И позже — трах! — Аня с размаху опустила собственную грифельную дощечку на голову Гилберта и расколола ее — дощечку, не голову — пополам.

Авонлейская школа всегда была рада любому происшествию. А эта сцена доставила всем особое наслаждение. Все вскрикнули: О! — с восхищением и испугом. Диана открыла рот и онемела. Руби Джиллис, которая всегда была склонна к истерике, начала плакать. Томми Слоан потерял собственную несколько сверчков и застыл в удивлении, уставившись на эту сцену.

Господин Филлипс прошествовал на протяжении прохода и не легко опустил руку на Анино плечо.

— Аня Ширли, это что может значить? — задал вопрос он гневно.

Аня не ответила. Это было уж через чур — потребовать от нее признать перед всей школой, что ее назвали «морковкой». Гилберт решительно вмешался:

— Это я виноват, господин Филлипс. Я дразнил ее.

Но господин Филлипс не обратил внимания на Гилберта.

— Мне весьма не очень приятно, что моя ученица выказала таковой такую мстительность и гнев, — сообщил он внушительным тоном, как словно бы кроме того несложная принадлежность к числу его учеников должна была искоренить все плохие страсти в сердцах юных несовершенных смертных. — Аня, отправься и поднимись у классной доски. Будешь находиться в том месте до конца занятий.

Аня предпочла бы, дабы ее отхлестали бичом, чем подвергнуться такому наказанию, от которого ее чувствительный дух содрогался, как будто бы под ударами бича. С побелевшим и застывшим лицом она повиновалась. Господин Филлипс забрал кусок мела и написал на доске над ее головой: У Анюты Ширли весьма плохой характер. Анюта Ширли обязана обучиться обладать собой. После этого он прочёл это вслух, дабы кроме того самые мелкие ученики, каковые умели просматривать лишь печатные буквы, имели возможность осознать, что написано.

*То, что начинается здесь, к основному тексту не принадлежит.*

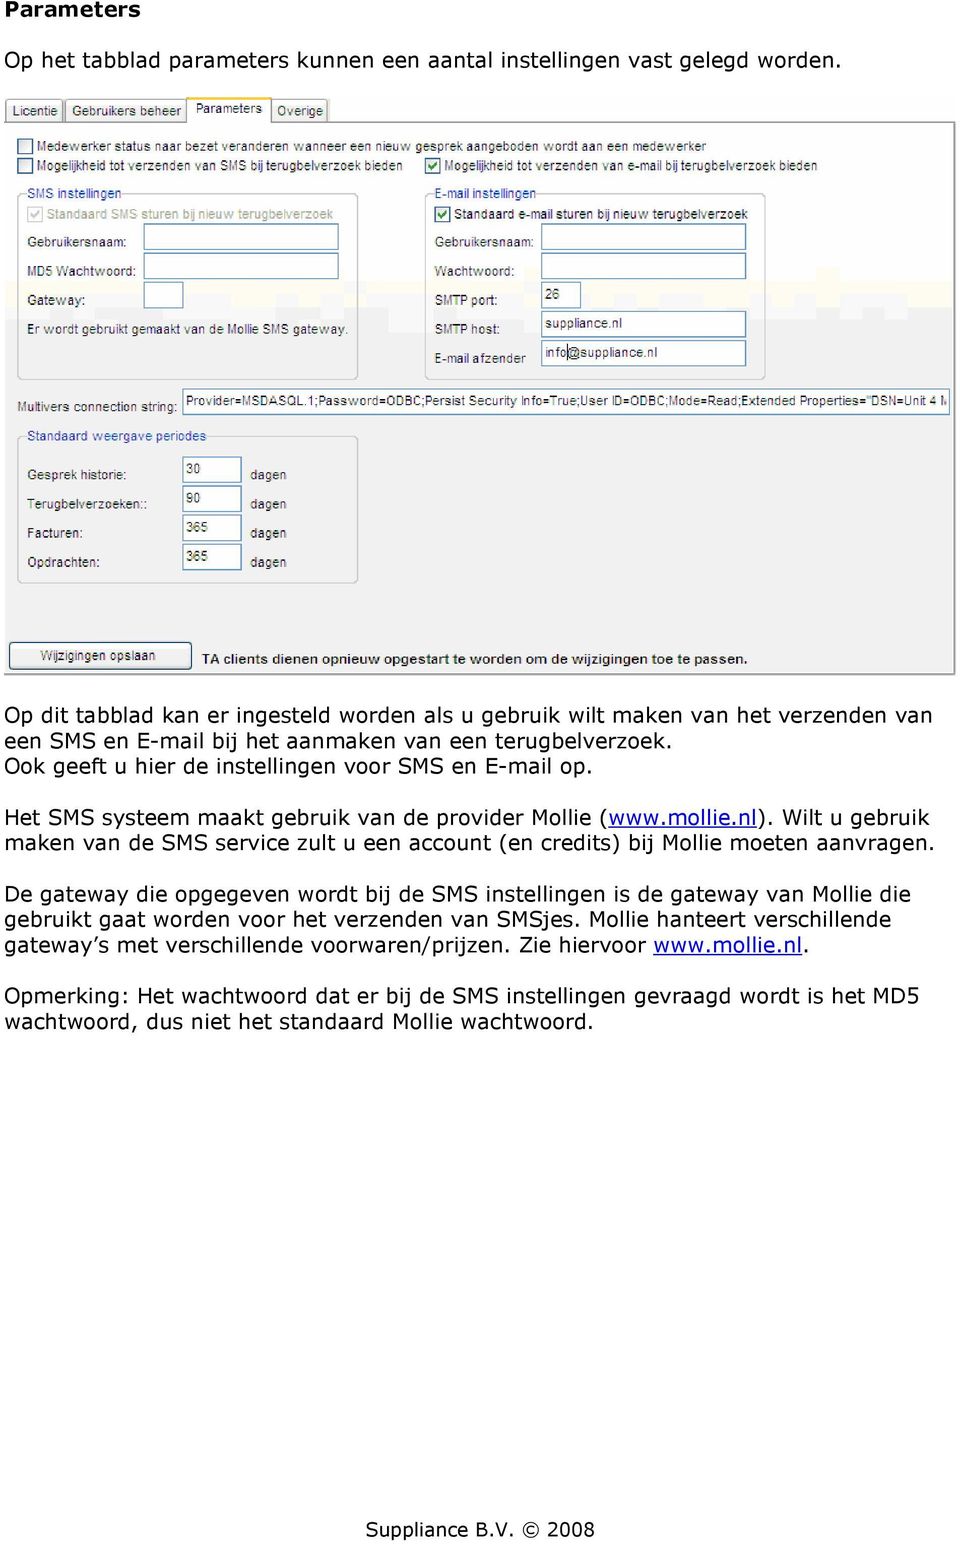 Ook geeft u hier de instellingen voor SMS en E-mail op. Het SMS systeem maakt gebruik van de provider Mollie (www.mollie.nl).

Аня простояла остаток дня с данной надписью над головой. Она не плакала и не опустила головы. Бешенство еще кипел в ее душе, и это поддерживало ее в страданиях унижения. С пылающими от бешенства щеками, возмущенным взором одинаково встречала она и сочувственный взор Дианы, и полные негодования жесты Чарли Слоана, и злорадную ухмылку Джози Пай. Что же до Гилберта Блайта, то она кроме того не посмотрела на него. Она ни при каких обстоятельствах больше на него не взглянет! Она ни при каких обстоятельствах не будет с ним говорить!!!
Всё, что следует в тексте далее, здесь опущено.